One key assumption of the data lake was that limitations in network and processing speed would mean that we could not take large copies of data, such as log files, and move them to a cluster for data analytics. Hadoop was also batch oriented, meaning that large batches of these types of data were highly impractical. It turns out that improvements to data replication and streaming, as well as tremendous gains in networking, have caused this to be less true than we thought.

The Emerging Reality: Data Virtualization and Streaming

Improvements in technology have meant that enterprises have choices in how to access data.Perhaps, they want to offload queries from transactional systems to a cloud environment; data replication and streaming are now easy solutions. Perhaps, a transactional system is built for high performance queries; in that case, data virtualization capabilities can make that data available on demand. As a result, companies now have options to make data more available on demand for DataOps processes, meaning that there is not always the need to centralize all enterprise data physically in one location.
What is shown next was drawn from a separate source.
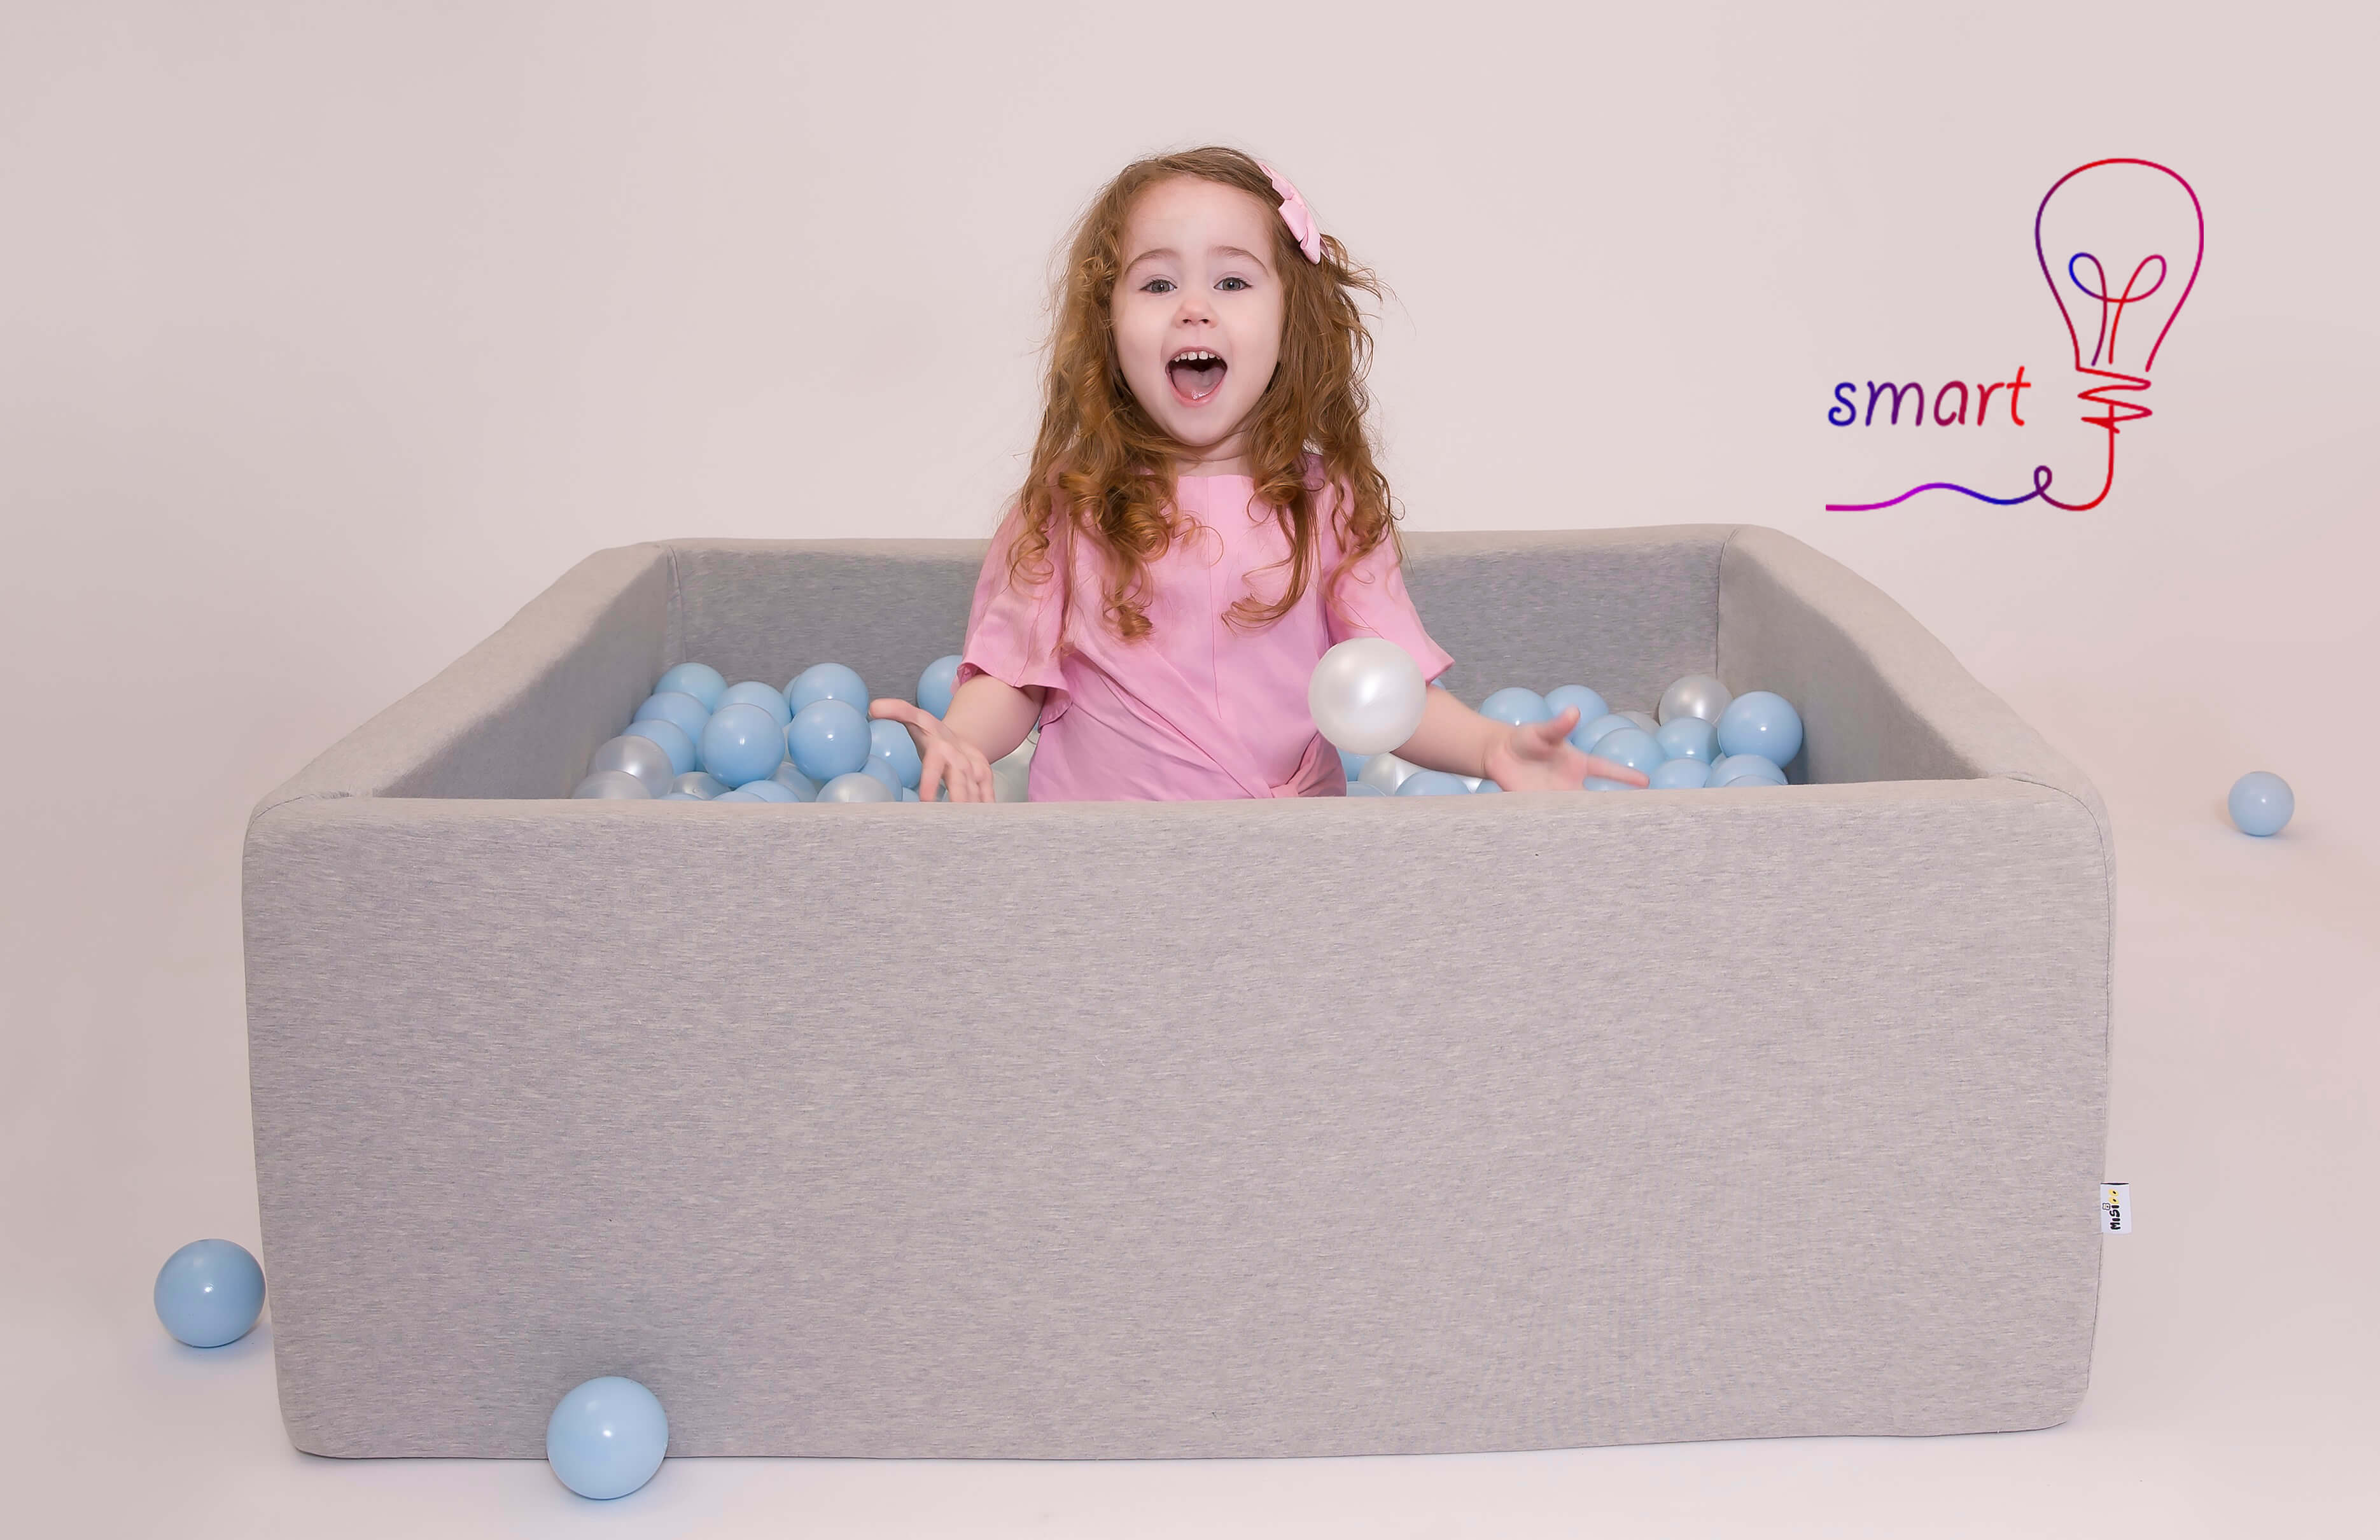 baby bällebad grau - kollektionen smart
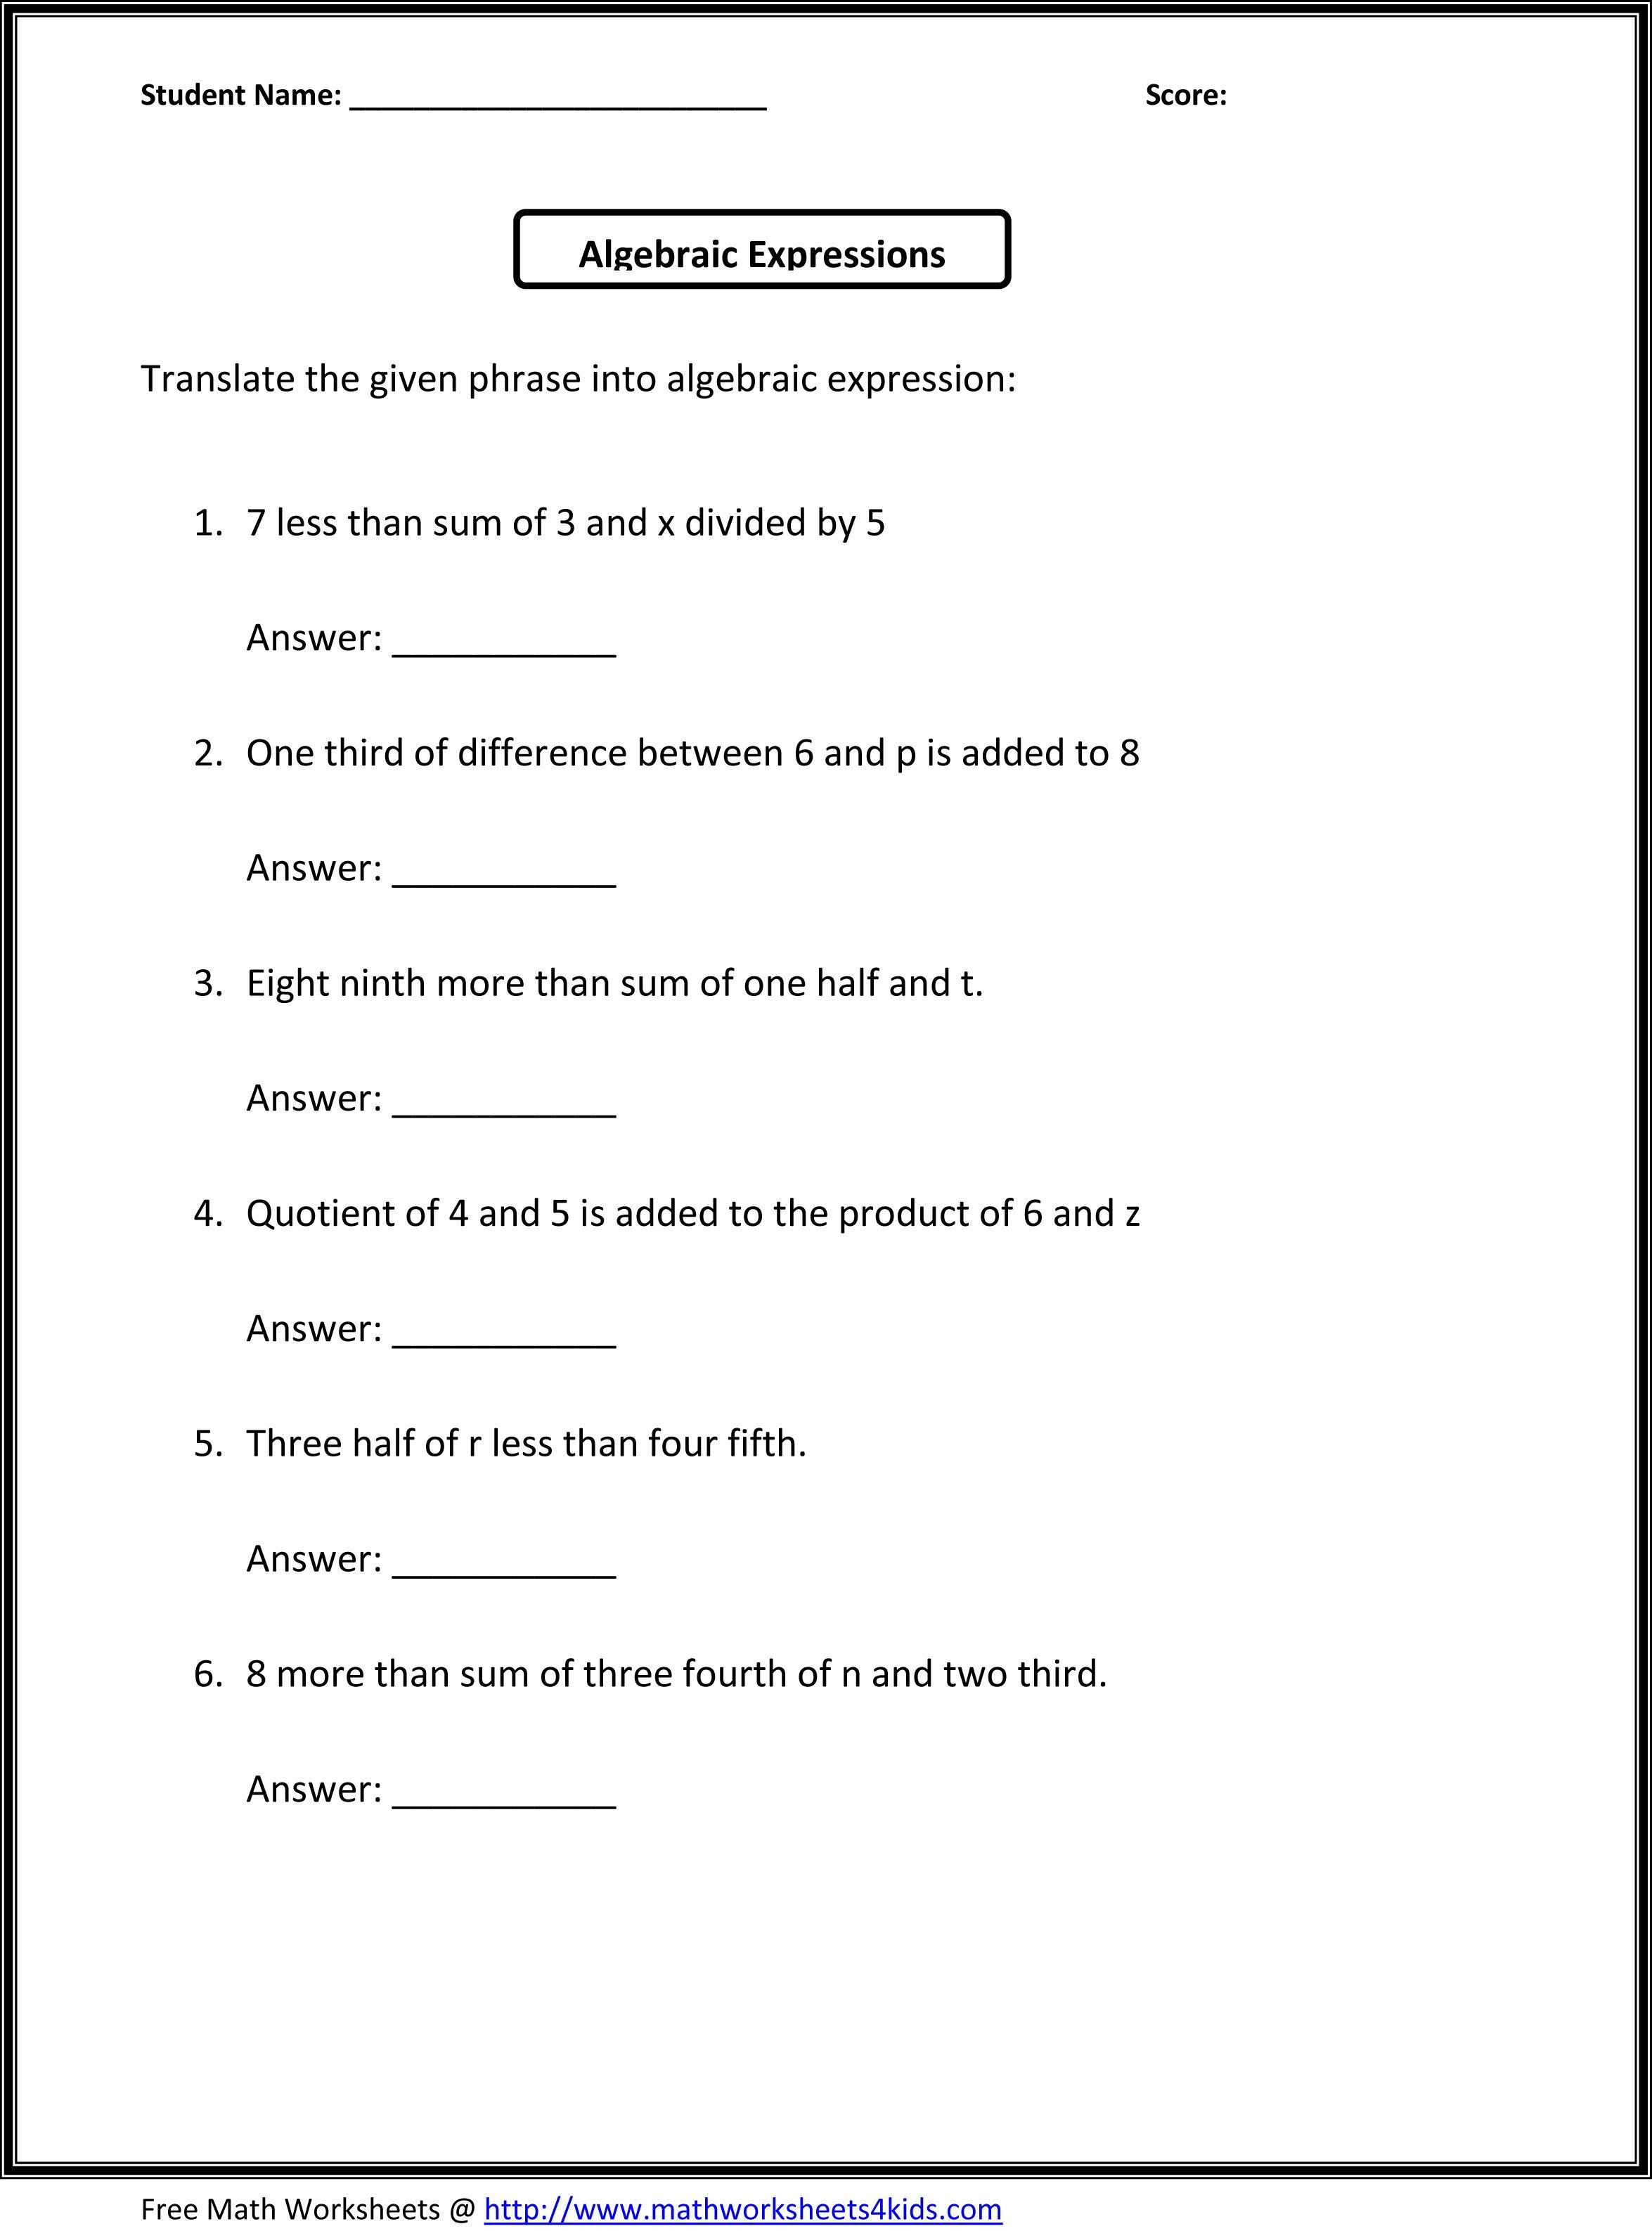 Sixth Grade Math Worksheets Includes Perimeter Area

Assumption #3:“The data lake schema on read will replace the data warehouse schema on write.”

How Does This Assumption Look in Hindsight?

People were sick and tired of how long it took IT teams to write ETL into data warehouses and were desperate to simply unleash data scientists on raw data. There were two major sticking points. First, data scientists often could not easily find the data that they were looking for.Secondly, once they had the data, analytics leads soon found out that their ETL was simply replaced by data wrangling tools because data science still required cleanup, such as standardization and foreign-key matching.

The Emerging Reality: Data Catalogs and DataOps

smart data catalog has become essential to finding the data that you need. Companies are now trying to establish the same kind of Google search that a user enjoys at home in the workplace with simple solutions to find and access data, regardless of the physical location of the data stores that hold the data. DataOps processes have also emerged as a way to establish domain-based data sets that are carefully planned and governed to enable maximum analytics productivity. Thus, a data scientist should be able to easily find and trust the data that they are using to discover new insights, and a thoughtful blend of technology and process should allow for rapid operationalization of data pipelines and analytics pipelines to support these new discoveries. This process can enable real-time analytics.

As we at Qlik look to modernize our data analytics architecture, these key emerging realities are at the forefront of our thinking:

  • Cloud-Based Application and Analytics Architectures
  • A re-emergence of Data Warehouse/RDBMS structures in the cloud to maximize value (think Snowflake)
  • Data Streaming to reduce the latency of key data
  • Data Virtualization to reduce the copying of data until required
  • Data Catalogs to carefully inventory and manage access to enterprise data
  • The emergence of DataOps processes to create quick time to market for data and analytics pipelines.